Streamlining Medicare Rexulti Prior Authorization

Navigating Medicare Rexulti prior authorization presents unique challenges, particularly given the drug's common PA requirements and Medicare's specific administrative structures for medical and pharmacy benefits. Klivira provides the automation needed to manage this complexity.

Revenue cycle teams and prior authorization coordinators face a complex landscape when managing high-volume medications like Rexulti for Medicare beneficiaries. Understanding the distinct processes for Original Medicare (Part A/B) and Medicare Part D is critical for efficient PA submission and approval, ensuring timely patient access to essential treatments.

Rexulti and Prior Authorization in the Medicare Context

Rexulti (brexpiprazole) is an atypical antipsychotic indicated for schizophrenia and as adjunctive treatment for major depressive disorder. Due to its therapeutic class and cost, Rexulti is a high-volume prior authorization target across various payer types, including Medicare Advantage and Medicaid managed care plans. For Medicare beneficiaries, PA requirements are primarily managed under Medicare Part D, which covers prescription drugs.

Understanding Medicare's Prior Authorization Framework for Drugs

Original Medicare (Parts A and B) has limited prior authorization scope, primarily for specific medical services and durable medical equipment, with submissions routing through Medicare Administrative Contractors (MACs) such as Noridian, NGS, WPS, Palmetto, FCSO, and Novitas. For prescription drugs like Rexulti, prior authorization falls under Medicare Part D. Part D plans, operated by private commercial insurers, administer pharmacy PA per CMS-approved plan formularies and step-therapy protocols.

Policy Access and Guidelines for Medicare Drug PAs

While National Coverage Determinations (NCDs) and Local Coverage Determinations (LCDs) published by MACs govern medical services under Original Medicare, drug-specific PA criteria for Part D are defined by the individual Part D plans. These criteria must align with CMS-approved formularies, step-therapy requirements, and quantity limits. Klivira's platform incorporates logic to navigate these varied policy sources, ensuring submissions are aligned with the payer's specific requirements.

Submission Channels for Medicare Rexulti Prior Authorization

For Rexulti, PA requests are typically submitted to the patient's Medicare Part D plan or its designated Pharmacy Benefit Manager (PBM). Klivira's robust connectivity facilitates electronic prior authorization (ePA) submissions to a broad network of Part D plans, streamlining what can often be a manual and time-consuming process. While Traditional Medicare medical PA (e.g., for Outpatient Department services or DME) routes through MAC-specific channels, drug PAs are distinct.

Klivira's Approach to Medicare Drug Prior Authorization

Klivira automates the complex workflows associated with Medicare Rexulti prior authorization. Our platform integrates with your EMR system, leveraging SMART on FHIR standards where applicable, to extract necessary clinical data. We then intelligently route PA requests to the appropriate Medicare Part D plan or PBM, ensuring adherence to their specific submission channels and policy requirements. This reduces manual effort, accelerates turnaround times, and minimizes potential denials.

Frequently asked questions

Does Original Medicare (Part A/B) require prior authorization for Rexulti?
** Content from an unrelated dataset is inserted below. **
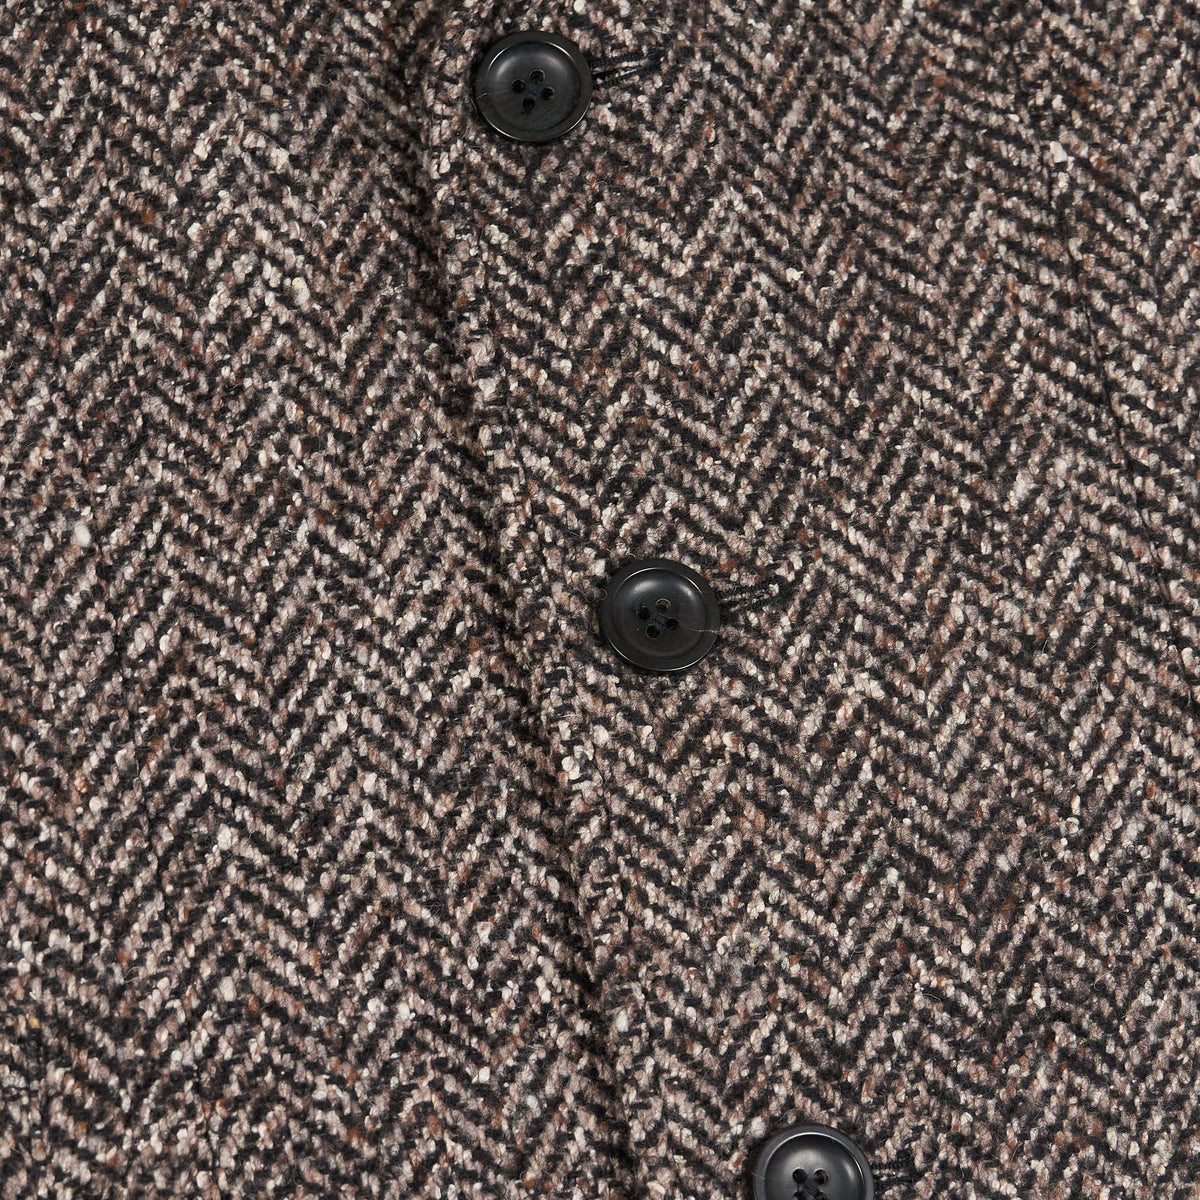 Palto Medium Length  Herringbone Wool Coat

No, prior authorization for prescription drugs like Rexulti is primarily managed under Medicare Part D. Original Medicare's PA scope is limited to specific medical services and durable medical equipment.

How do Medicare Advantage plans handle Rexulti prior authorization?

Medicare Advantage (MA) plans, which are private plans, administer prior authorizations for drugs like Rexulti according to their specific formularies, medical policies, and utilization management criteria, similar to commercial plans. Klivira supports PA submissions for MA plans.

What role do NCDs and LCDs play in Rexulti prior authorization?

National Coverage Determinations (NCDs) and Local Coverage Determinations (LCDs) establish coverage criteria for medical services under Original Medicare. For prescription drugs under Part D, PA criteria are set by individual Part D plans, aligning with CMS-approved formularies, rather than NCDs or LCDs.

How does Klivira support Medicare Part D prior authorizations for drugs like Rexulti?

Klivira integrates with your EMR to gather clinical data and electronically submits prior authorization requests directly to Medicare Part D plans and their associated PBMs. Our system ensures submissions meet plan-specific formulary, step-therapy, and documentation requirements.

What are common challenges for Rexulti prior authorization under Medicare?

Challenges include navigating the specific formulary and step-therapy requirements of individual Part D plans, ensuring complete clinical documentation to support medical necessity, and managing the varying submission portals and processes across different plans. Klivira addresses these by centralizing and automating the workflow.